Shou Zi Chew, CEO of TikTok Inc., speaks during the Bloomberg New Economy Forum in Singapore, Wednesday, November 16, 2022.

Bryan van der Beek | Bloomberg | Getty Images

The European Commission, the EU’s executive arm, banned its employees from using TikTok on their smartphones amid concerns from Western governments about the risks the platform could pose to national security.

The commission said staff would no longer be able to have the Chinese-owned app installed on business and personal devices, citing concerns about how it handles user data.

“This measure aims to protect the Commission against cyber security threats and measures that could be exploited for cyber-attacks against the Commission’s business environment,” the Commission said in a statement published on Thursday.

“Security developments for other social media platforms will also be kept under constant review,” it added.

The move illuminates more aggressive tone Europe has recently taken notice of TikTok, which has long escaped regulatory scrutiny in the bloc. US lawmakers voted to block the app in December and some are calling for the service to be banned nationwide.

Western officials are concerned about the potential influence of China’s government over TikTok — particularly the risk that it could enable Beijing to spy on citizens. TikTok has acknowledged that data on its European users can be accessed by employees based in China, but denies that it would ever share such information with the Chinese government.

Last month, EU Commissioner Thierry Breton warned that the app could face a possible ban if it does not comply with its incoming Digital Services Act, which this summer will impose sweeping requirements on TikTok, Twitter and several other platforms to remove illegal content, curb misinformation, and better protect minors.

“The European Commission’s suspension of TikTok on business units is misguided and based on fundamental misconceptions,” Caroline Greer, head of public policy at TikTok, said on Twitter. “We have requested a meeting to set the record straight.”

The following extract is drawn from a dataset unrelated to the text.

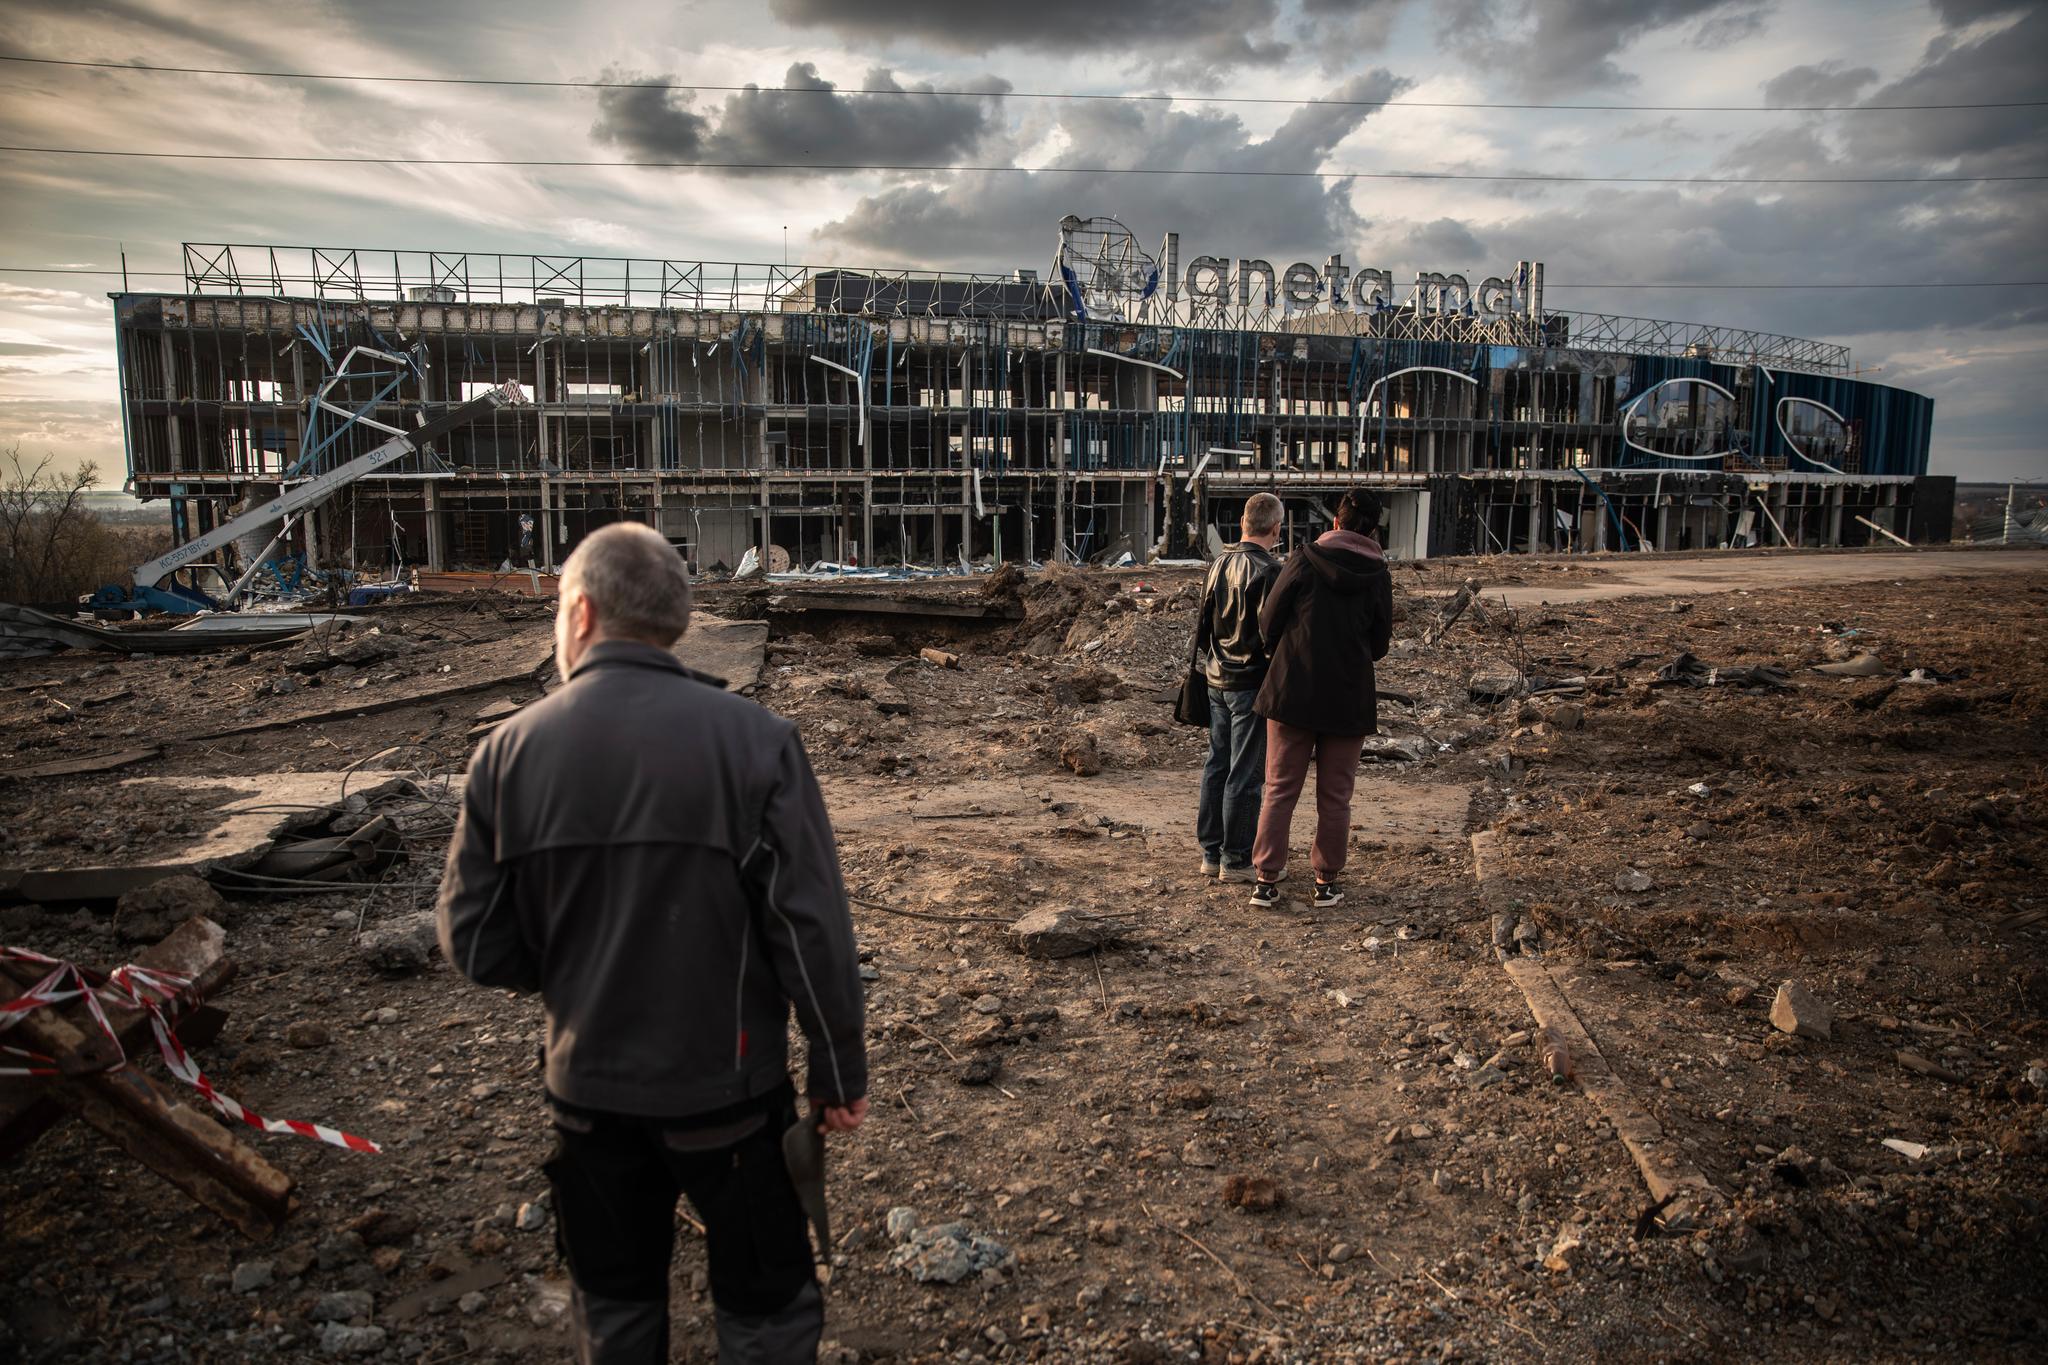 Ukrainere i landets nest største by Kharkiv ser på ødeleggelsene etter et russisk angrep på byen med 1,3 millioner innbyggere. Byen har vært bombet daglig i flere måneder, og flere hundretusener mennesker har vært uten strøm i lange perioder.

“We continue to improve our strategy for data security — establishing three data centers in Europe to store user data locally; further reduce employee access to data; and minimize data flows outside of Europe.”

TikTok is not yet a giant in the scale of companies that Meta, Alphabet and Amazon when it comes to social media, advertising and e-commerce. But its rise in the region should not be underestimated. The platform now has 150 million users in Europe, according to a statement from the company last week.

TikTok, which employs 5,000 people in Europe, has sought to allay regulators’ concerns by outlining plans to migrate European users’ data to data centers under development in Ireland. Last week, the company announced that it would open a third data center in the country.